Dört nala giderken birden n’oldu böyle??
Kurulduğu günden itibaren kuşkuyla yaklaşanı da Türkiye’de internet girişimlerini başka bir seviyeye taşıyacağını düşünen de çok oldu. Türkiye’nin ilk “unicorn” (1 milyar $ değerli) Start-Up’ı olma hedefiyle yola çıkmış ve Wired dergisi tarafından 2015 yılında Türkiye’nin en parlak 10 girişimi arasında gösterilmişti.
Kendini bir sosyal e-ticaret platformu olarak tanımlayan incir.com, 2014 yılında yüzde 2.500! büyümeyi başarmış ve mağaza sayısını 2015 yılında 10 bine çıkarmıştı. İş modeli, e-ticaret faaliyetinin tüm operasyonel altyapısının İncir tarafından üstlenilerek kolayca online mağaza açılabilmesi ve referans yoluyla bu mağazalardan yapılan alışverişlerden prim kazanılmasına dayanıyordu.

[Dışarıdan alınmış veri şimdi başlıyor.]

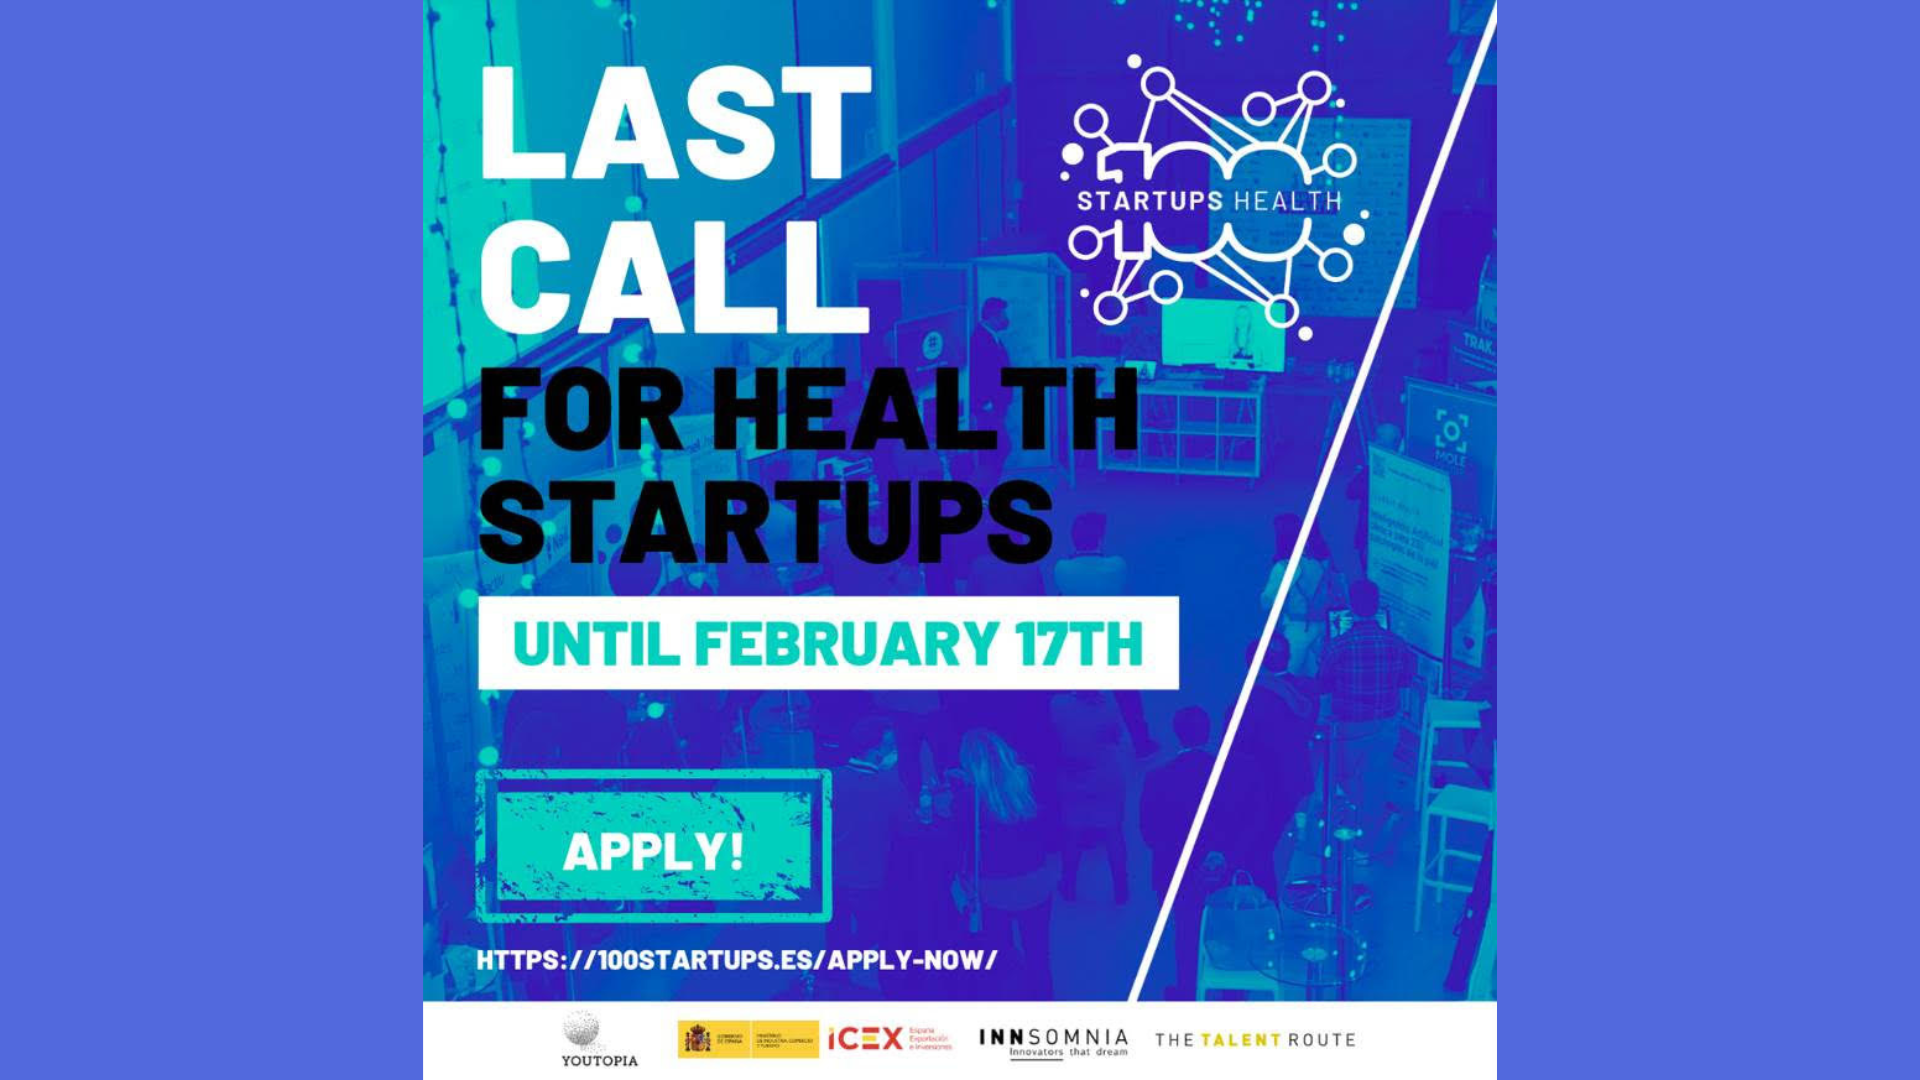 Apply now to become one of the top 100 eHealth startups

Ancak yakaladığı ultra yüksek hızlı büyüme grafiği ve aldığı yatırımlar sonucunda ulaştığı 57 milyon $ seviyesindeki değerine rağmen 2016 yılında kapatma kararı aldı. İncir de geleneksel e-ticaretten farklılaşan ve bu farklılığın hem rekabet üstünlüğü hem de alışılmışın dışında riskler taşıdığı bir iş modeline sahipti. Dolayısıyla yüksek hızlı büyüme beraberinde yüksek operasyonel maliyetleri ve yönetilmesi gereken karmaşık süreçleri getirdi.

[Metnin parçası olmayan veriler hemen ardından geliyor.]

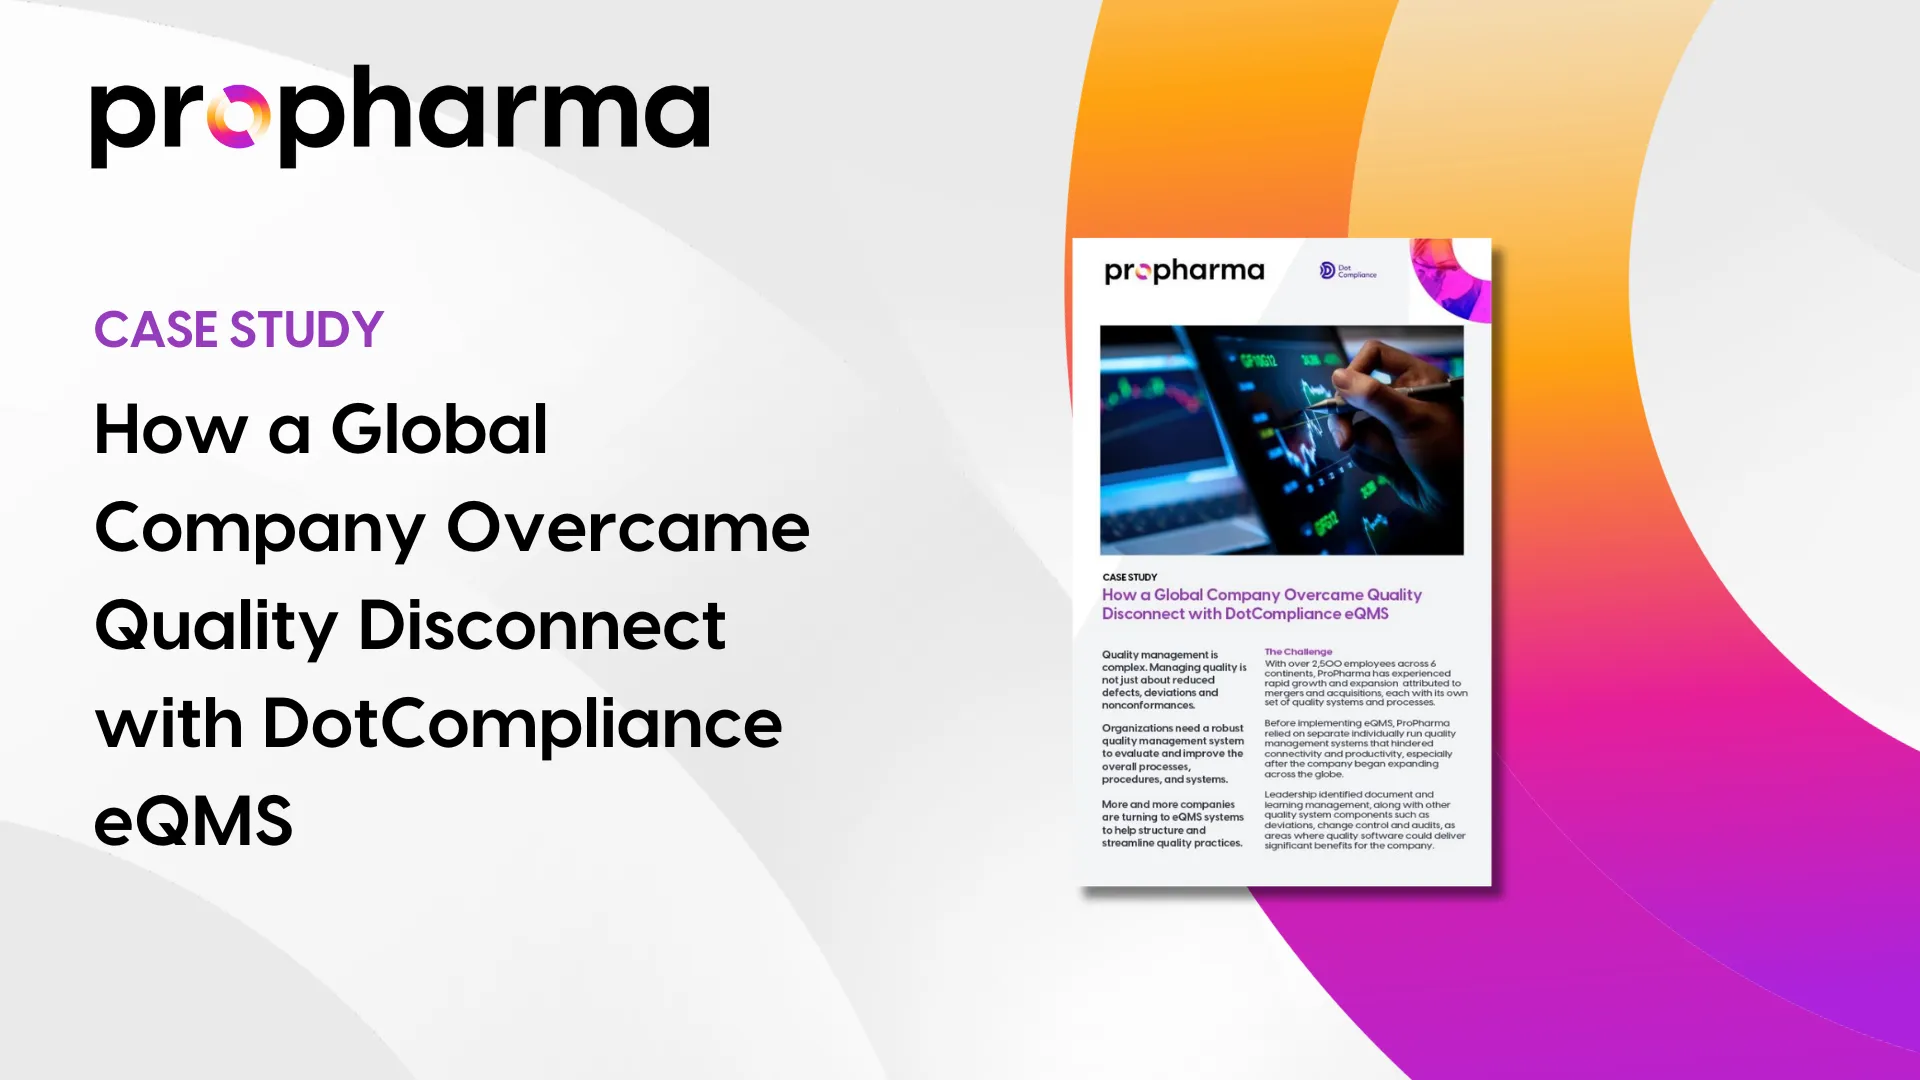 Growing a Culture of Quality and Compliance - ProPharma

2016 yılından itibaren büyümesi yavaşlayan girişimin operasyonlarını aynı etkinlikle devam ettirebilmesi için yeni yatırıma ihtiyacı bulunuyordu. Tam da bu süreçte girişimin kontrolünde olmayan risklerin ortaya çıkması sonucunda (15 Temmuz darbe girişimi gibi), girişim yatırımcı bulmakta zorlandı ve süreci mevcut kaynaklarıyla sürdüremez hale geldi. Üstelik ortaya çıkan bu yeni durum sadece operasyonel tarafı değil iş hacmini de ciddi ölçüde etkilemiş ve yarı yarıya bir daralmayla sonuçlanmıştı. Sonuç itibariyle tıpkı Tazedirekt’te olduğu gibi, başarılı olması beklenen bir girişim daha başarısızlıkla girişimler mezarlığındaki yerini aldı.
Çıkarılacak Dersler
- Büyüme iyi bir şeydir. Hiçbir girişim az büyümek istemez. Ancak büyümenin ölçülebilir ve yönetilebilir gerçekleşmesi önemlidir. Büyüme, işin doğası gereği organik olarak ortaya çıkarsa bir bütün halinde gerçekleşeceği için girişimin büyümeyi yakalamak ya da kontrol etmek gibi bir problemi olmaz. Ancak İncir’deki “aşırı” hızlı büyüme, girişimin operasyonel süreçlerinin büyüme hızına yetişememesine ve dolayısıyla yönetim problemlerinin ortaya çıkmasına, maliyetlerin artmasına ve sonuç itibariyle ihtiyaç duyduğu yatırım miktarının da orantısız biçimde yükselmesine neden olmuştur.
- Girişimciler için başarının doğru yönetimi kadar başarısızlığın da yönetimi önemlidir. İşler kötü gitmeye başladığında neler yapılabileceğine dair bir fikir sahibi olunmazsa sürecin tersine çevrilmesi pek mümkün değildir. Bu açıdan girişimci, iş hacminin daraldığı dönemlerde bir Start-Up’ın en temel özelliği olan esnekliğini kullanamaz ve yeni koşula hızla ayak uydurarak sadeleşmeyi sağlayamazsa başarısızlık kaçınılmaz olur. Bir Start-Up’ın en büyük korkusu hantallık olmalıdır. Sanırım hantal yapının en büyük belirtisi de daha az işi yapmak için daha fazla kişinin şirket koridorlarında gezinmesi olarak görülebilir.
- Kısa, orta ve uzun vadeli planlamalara sahip olmadan yola çıkan girişimler için gelecek tam bir belirsizlik yumağıdır. Özellikle Türkiye gibi birçok dış etkenin hızla değişebildiği, rüzgarın zaman zaman arkanızdan zaman zaman ise karşınızdan estiği coğrafyalarda farklı alternatiflere sahip planlar yapmak ve bu planları stratejilerle destekleyerek kurum kültürüne adapte edebilmek çok önemlidir. Plansız büyüme, plansız alınan yatırımlar ve plansız küçülme gibi keskin hareketler girişimin temel niteliklerinin kaybolmasına ve sonuç itibariyle batmasına yol açabilir.